Not long ago at the Abbey of Gethsemani, I spent an afternoon with one of the monks and a friend at Merton’s old hermitage in the woods. Although there is a right way to see this special place—by permission, without trespassing—it also isn’t uncommon for people to make their way to the hermitage in their own way, and the monks are generally gracious and forgiving about it. In fact, the trespassing has been happening since Merton’s own lifetime; he spent a fair amount of time ducking people in the woods who were trying to find “that famous monk.” 

Merton liked to walk in the predawn hours as the mist was rising, observing wrens, cardinals, woodpeckers, and the occasional mockingbird along the way. On this particular morning not long ago, as my two companions and I were walking from the hermitage back to the abbey, I spied a folded single sheet of paper soaking on the grass in the morning dew. I bent down and picked it up. 

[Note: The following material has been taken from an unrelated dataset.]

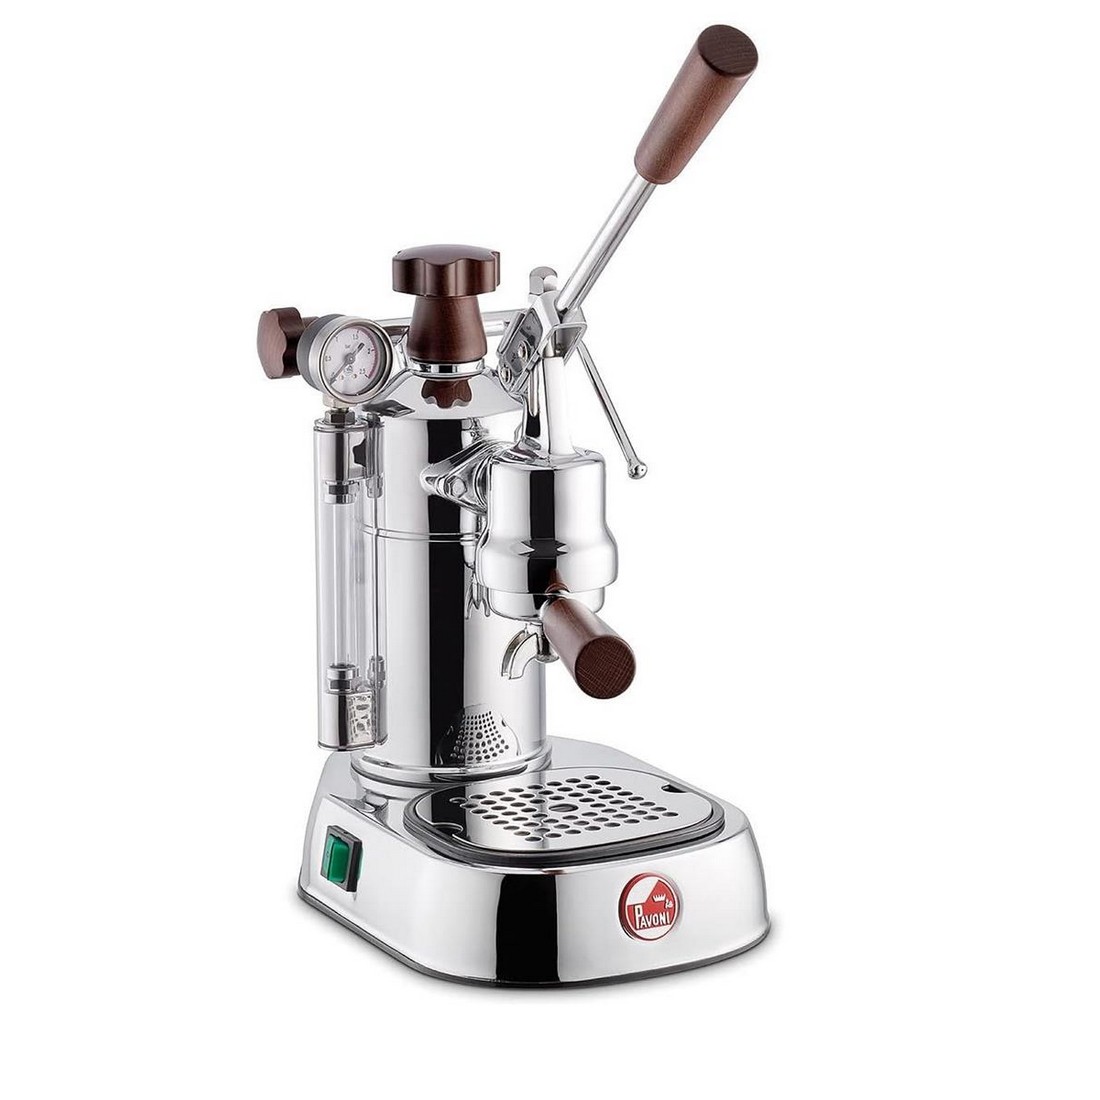 LA PAVONI - Professional LUSSO - Lever machine with wooden handles 230 V

Someone had printed out a Merton poem and carried it with them, probably to read it while sitting on the hermitage porch the night before. It had fallen out of the pocket, quite recently, of someone who had walked back down the same hill we were walking down. “His God lives in his emptiness like an affliction,” is one of the lines from the poem on that paper soaking in the dew. The poem is titled “When in the Soul of the Serene Disciple.” It was that emptiness, but also the knowing that God was there in it, that moved Merton throughout his life. 

I tucked the poem in my pocket as we all walked down the hill in the woods, then crossed the road, toward where the gate used to stand that Merton was so happy had once enclosed him inside, about eighty years before.